More than all three of these things, what I'm trying to do is help people to see what's happening in our jails and in our prisons. I'm not alone in this. A lot of people have done this all over the country. As citizens we are allowing our government to spend an amazing amount of money to keep people, mostly people of color, in jail for the crime of being poor. There has to be a time where we say as a community that in order to heal our community we need to involve the people who have hurt the community.

The other day a man that I've known from the jail for the last fifteen or so years came to our office. I hadn't seen him in ten years. I started telling him how the program had changed from the time when we worked in the jail. "So what's up with you? How's your family?" "Well, I don't see my family anymore," he said. "My son died in San Quentin in a gang fight." I remembered his son. I said, "But I haven't seen you in ten years. Where have you been?" He said, "Oh, I've been in and out. I've been to State Prison, back and forth. I'm still not off parole." So, in ten years this man has been on the street probably a total of three months and then he's back. James' crime is being addicted to crack. That's his crime. I'm not a mathematician, but it seems like a lot of money to send James back and forth to State Prison for ten years. We're talking $25,000 or more each year, when you calculate what being in jail does to the family that's involved. There's no one bringing any money home. Most of the children I know whose parents have been to jail end up in jail themselves. The cycle just continues.

This cycle is spinning out of control and bringing more and more communities into it while we pay for it. At some point we have to say this doesn't make sense, and stop it. At some point we have to look at the fact that there are children who aren't eating in America. They're not eating food. They're eating garbage. These same children are going to grow up, and when they grow up I'll bet you many of them will follow the path of their parents. They'll be addicted to drugs.

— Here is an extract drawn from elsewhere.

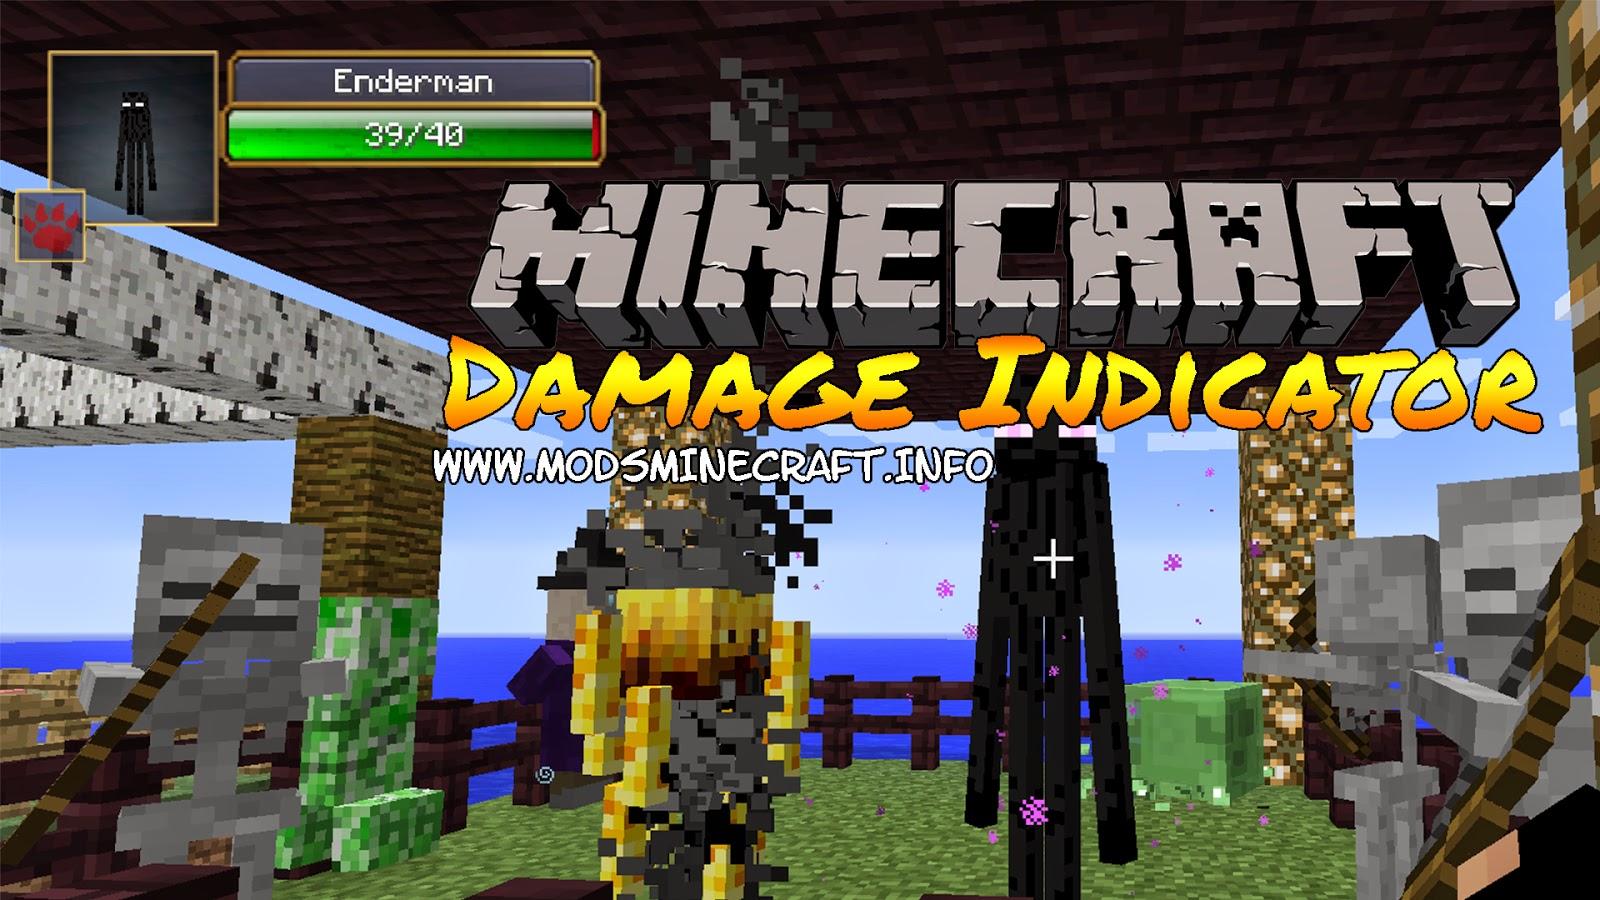 Damage Indicators Mod para Minecraft 1.7.2, Damage Indicators Mod, Damage Indicators 1.7.2, minecraft Damage Indicators Mod, minecraft Damage Indicators 1.7.2, minecraft mod para indicar el daño, minecraft 1.7.2, minecraft mods 1.7.2, minecraft descargar mods 1.7.2, minecraft mods, mods minecraft, cómo instalar mods, cómo instalar mods minecraft, minecraft cómo instalar mods

In California we spend more on prisons than we do on our schools. That is criminal. We're wasting our money, we're wasting our energy, and we're misdirected when we think that the problem of crime is the problem of people of color going awry. That's not what's happening. What's happening is that the young men and young women in our jails and prisons are there mostly because they're addicts and because they're poor. And if we can't do anything about that, then we won't restore the earth. We need to restore the people first.